I do not understand how these big companies and government offices got hit so hard people need to get fired. I own a small company of 25 people all my computers regularly get the latest windows updates have antivirus and malwarebytes installed are backed up everyday to a back up drive and to the cloud and my most important file quickbooks is backed up 3 times a day once to an external harddrive one using the cloud backup program that comes installed with quickbooks and to the company cloud backup spideroak. I also use an advanced firewall PFsense that gets updated daily for the latest threats. If I owned a big corporation and got hit with this ransomware that was totally preventable the guy in charge of IT would be fired.

[emu steve]

I used to work IT in a large federal agency and we had almost no cyber issues.

We took patching, A/V, etc. very seriously. The server team sent out patches, A/V files, forced reboots to ensure patches were installed, etc.

It is IT ops which needs to be done well.

[Lowell]

I do not understand how these big companies and government offices got hit so hard people need to get fired. I own a small company of 25 people all my computers regularly get the latest windows updates have antivirus and malwarebytes installed are backed up everyday to a back up drive and to the cloud and my most important file quickbooks is backed up 3 times a day once to an external harddrive one using the cloud backup program that comes installed with quickbooks and to the company cloud backup spideroak. I also use an advanced firewall PFsense that gets updated daily for the latest threats.

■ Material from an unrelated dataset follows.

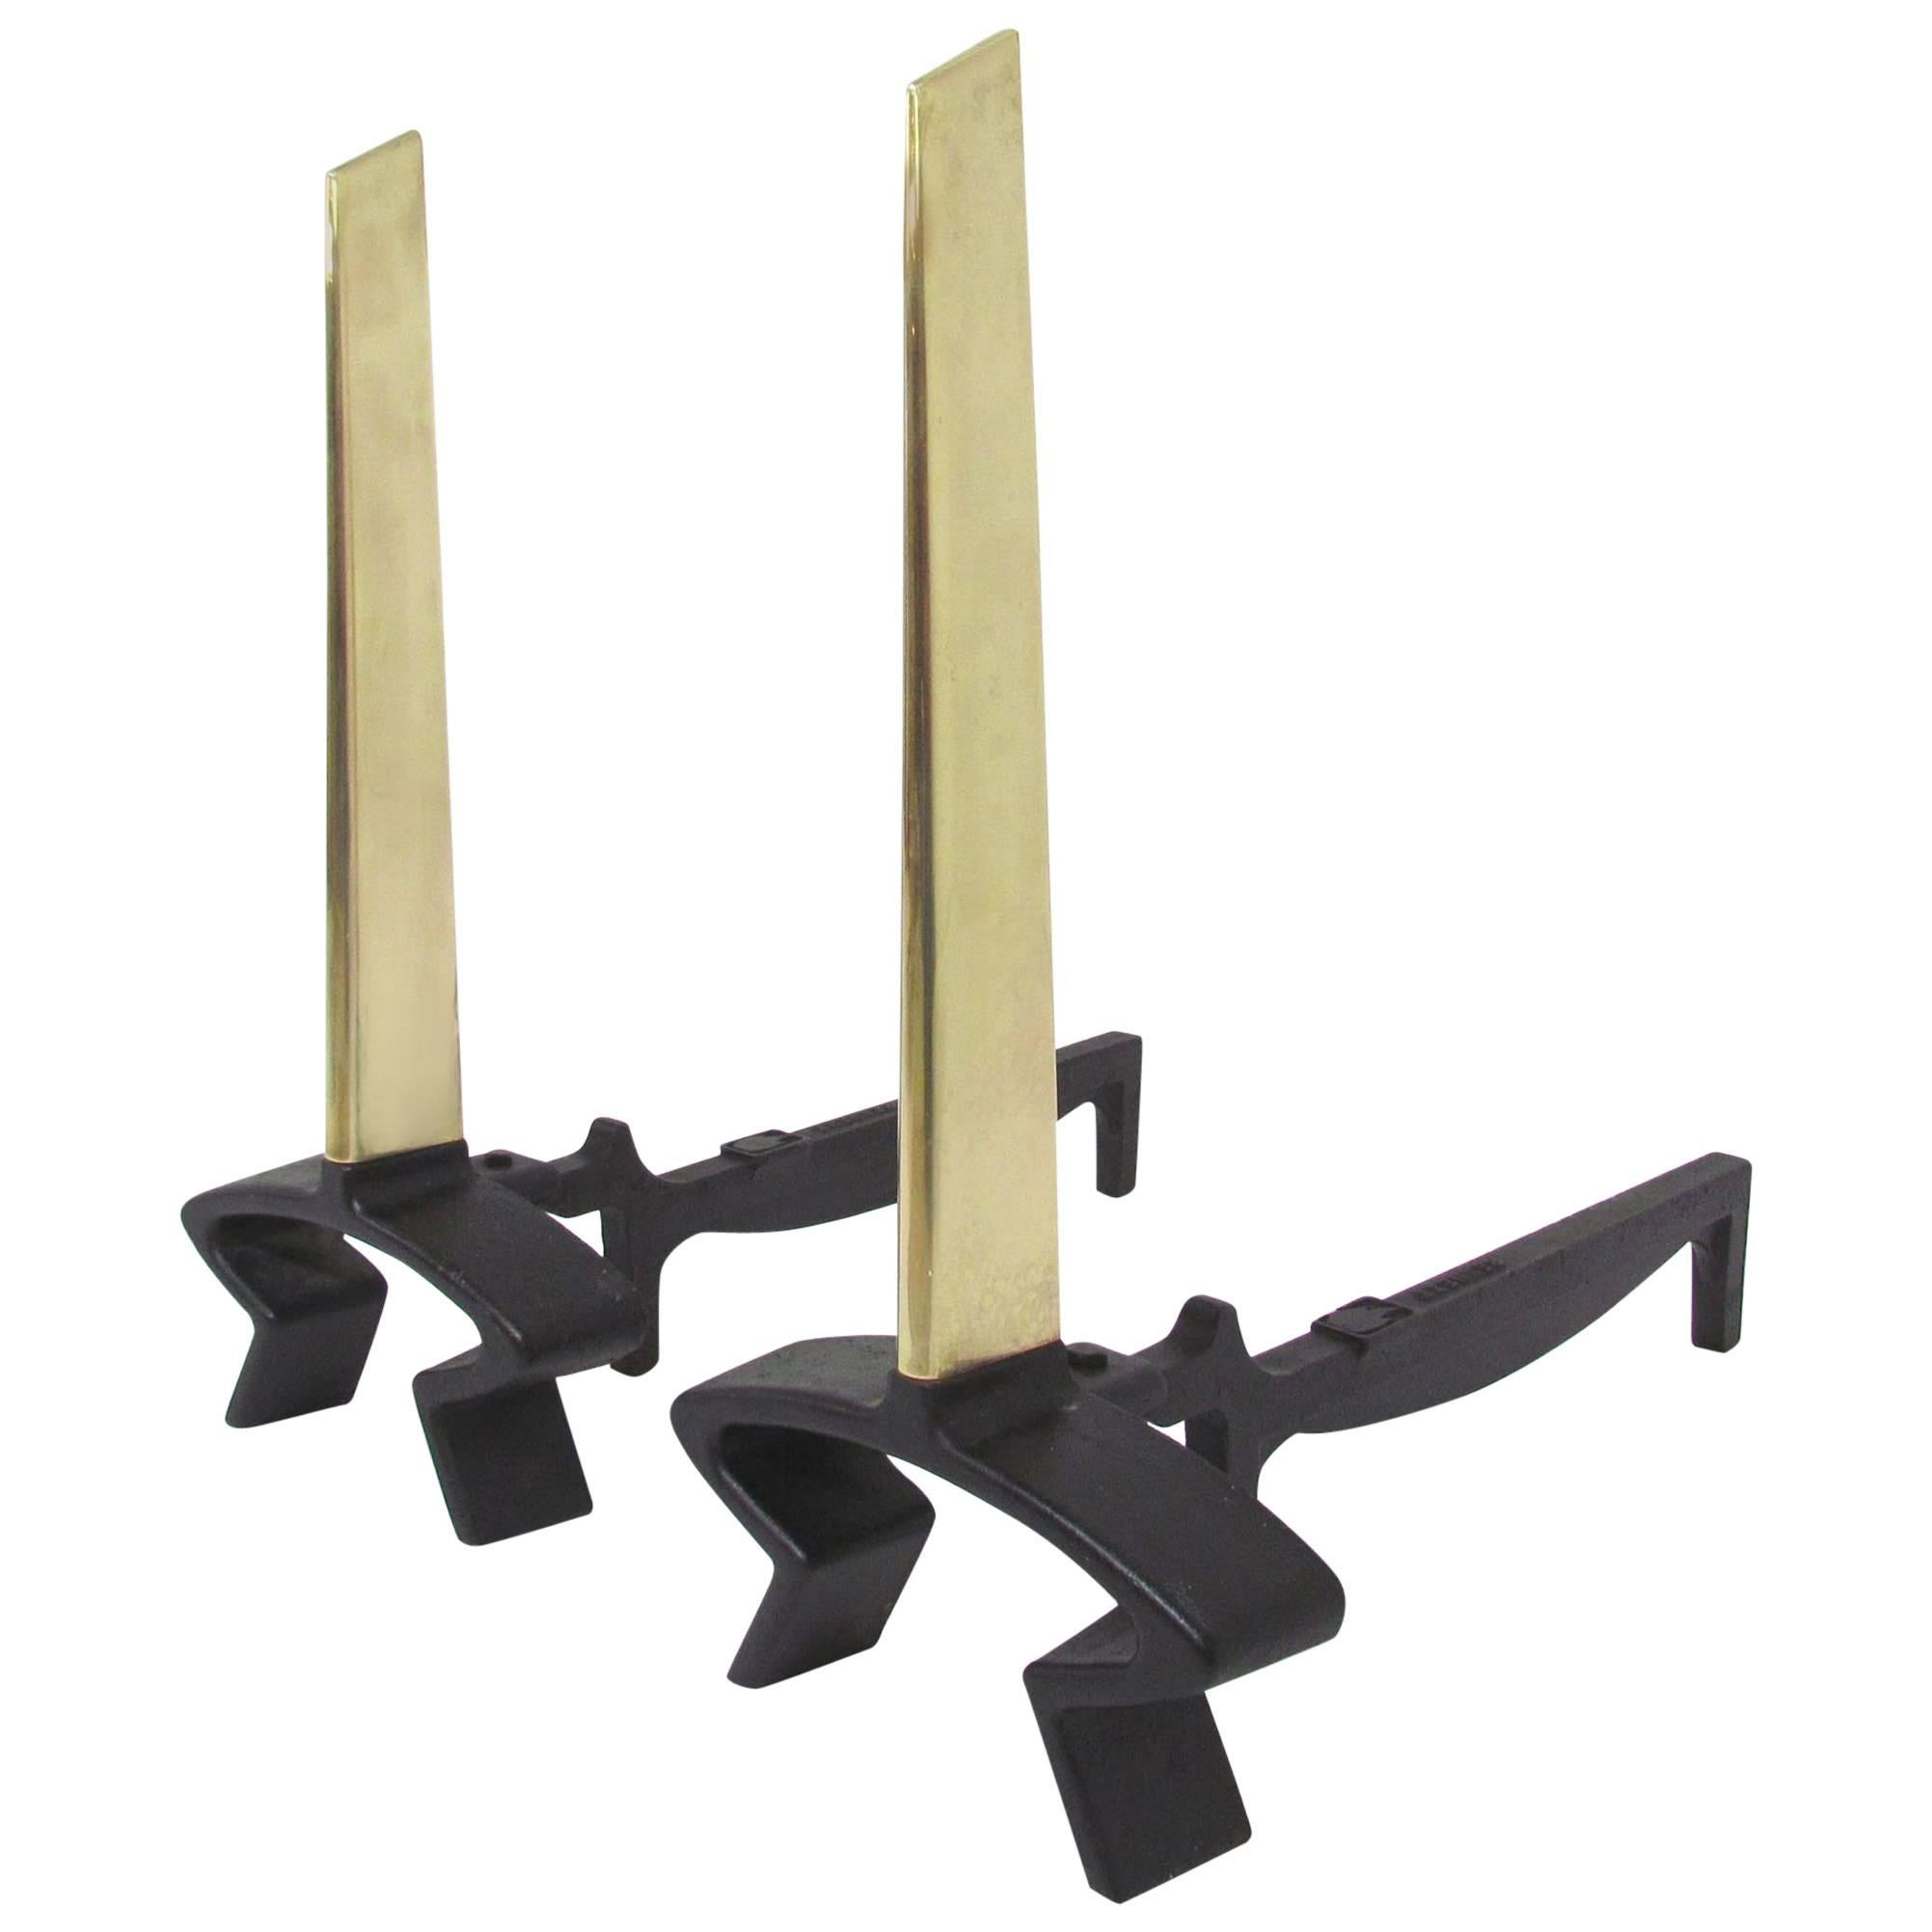 Modernist Donald Deskey Andirons for Bennett in Brass and Forged Iron

If I owned a big corporation and got hit with this ransomware that was totally preventable the guy in charge of IT would be fired.

It's good that you do all that. It gives you a fighting chance because while prevention is a must, the real game is not about prevention, it's about recovery.
Yet you can do all that but it doesn't stop someone from bribing/extorting your IT guy who has all the keys and knows where all the bodies are buried. That's how the NSA tools got out, that is how Snowden and Bradley Manning made their dumps.

From what I am reading as this spread across Asia today most computers getting hit are those using stolen operating system software that doesn't benefit from being able to update. Winners = Microsoft and Malwarebytes.

[Jimaz]

Here's the Wikipedia article: WannaCry ransomware attack.

[emu steve]

Yes, and it appears that the most vulnerable O/S is XP as Microsoft terminated support years ago and yes, Microsoft got serious years ago about not updating bootlegged copies of their O/S.

So unpatched or bootleg copies of other O/S are at risk.

Interesting, I emailed a fmr. colleague at work today [[headquarters of a federal agency) and asked their reactions:

"[[name) mentioned management was loosing their shit over the weekend, but she told them if she wasn't worried they didn't need to be either. "

This manager is responsible for IT ops at headquarters of this agency.

This is a case of understanding the exposure and risk. Apparently this manager was 100% sure that the headquarters computers were at zero risk.

This agency has a robust cyber-security operation.

I later heard on local radio this afternoon that it was a total non-issue for the federal government.

I remember the federal government was pushing hard a half dozen years ago to get rid of XP.

[Zacha341]

Got it! Thanks.

Sorry late night half asleep post when you are done backing up an external hard drive it must be unplugged from your computer or the virus will encyrpt the files on the backup drive also the best bet is to back up to a cloud server

[Danny]

Please be advised the Ransomware malwarebytes have a delivery system by e-mail. I have made my own patch to lock to any bad warebytes to my e-mail account via spam. Only I have to do is deleted away.

[Jimaz]

“Dear Lord, please protect our files … from the people trying to protect our files.”

[Cincinnati_Kid]

This has nothing to do with the attack, but the Win 10 anniversary update patch, screwed my computer up Sunday. It said don't turn off your computer, while it updates, after I rebooted it, all my startup programs on the desktop, have disappeared. Called Microsoft and they said it will take 48 hrs before a tech will get back to me. Total BS.